A clutch of forthcoming events.

  1. 17 May, Brussels. Citizen Connect. The concluding event of the URBACT Information Society Network, which concerns how technology can connect citizens, combat social exclusion, stimulate economic local development, and put the citizen at the heart of the democratic process. (Thanks to reader Martine Tommis for this.)
  2. 24 May - 9 June, online.  Identifying Successful Business Strategies for Online Programs.  An online workshop with Steve Schiffman, Chris Geith, and Karen Vignare, organised by the Sloan Consortium. "This workshop marks our most ambitious effort to date to map the business models of the online industry and present them in a context that will actually help to improve the success of your online programs. This workshop includes ongoing research that has been collected over the course of the past two years from top institutions and has included the input and work of several top researchers in this area. And as with all of our workshops, it is provided in a way that adapts to your busy schedule. If you are a top level administrator in an online program, you don’t want to miss this workshop." (Workshops like this one have in the past produced very useful outputs, for example Effective Workload Management Strategies for the Online Environment [84 kB PDF].)
  3. 2 June, London. ‘blog.ac.uk’, the UK's "first educational blogging conference bringing together practitioner and research based expertise to explore cutting edge issues surrounding the educational use of weblogs and weblogging software". With keynote contributions from Stephen Downes and Barbara Ganley.
  4. 6-7 July, York. 6th International Meeting of JISC and the Coalition for Networked Information (CNI). With keynote speeches from: Reg Carr, Director of University Library Services at Oxford University; Lorcan Dempsey, Vice President, OCLC; Derek Law, Librarian and Head of Information Resources, University of Strathclyde; Joan Lippincott, Associate Executive Director, CNI; Clifford Lynch, Executive Director, CNI; David Nicholas, University College London. (If I was not going to be on holiday at that time I would stump up the £350 residential fee for this event.)
  5. 5-7 September, Edinburgh.
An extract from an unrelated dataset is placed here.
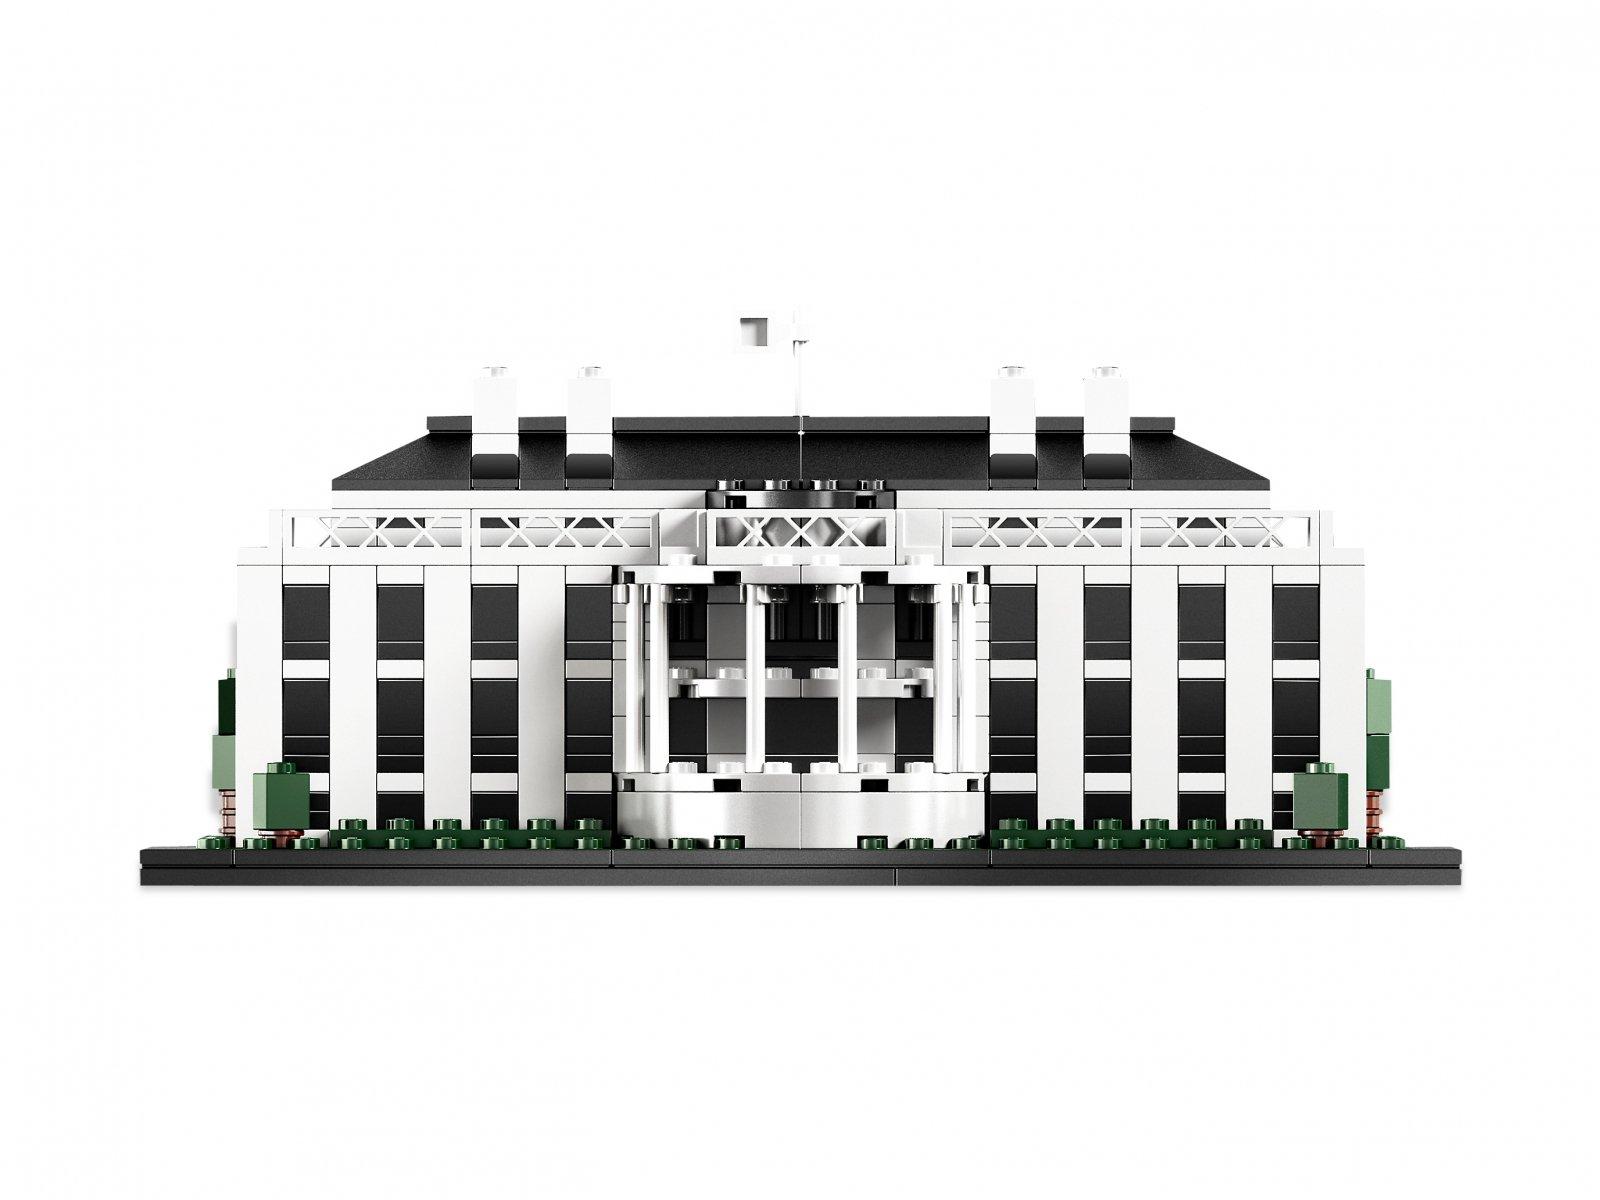 LEGO 21006 Biały Dom

ALT-C 2006 - the next generation. Keynote speeches from: Stephen Heppell; Diana Oblinger, Vice-president of EDUCAUSE; Tim O'Shea, Principal of the University of Edinburgh. Theme speakers: Terry Anderson, Athabasca University; Phil Candy, UK National Health Service; Gilly Salmon, University of Leicester; Chris Yapp, Microsoft. (I work half time for ALT as its Executive Secretary.)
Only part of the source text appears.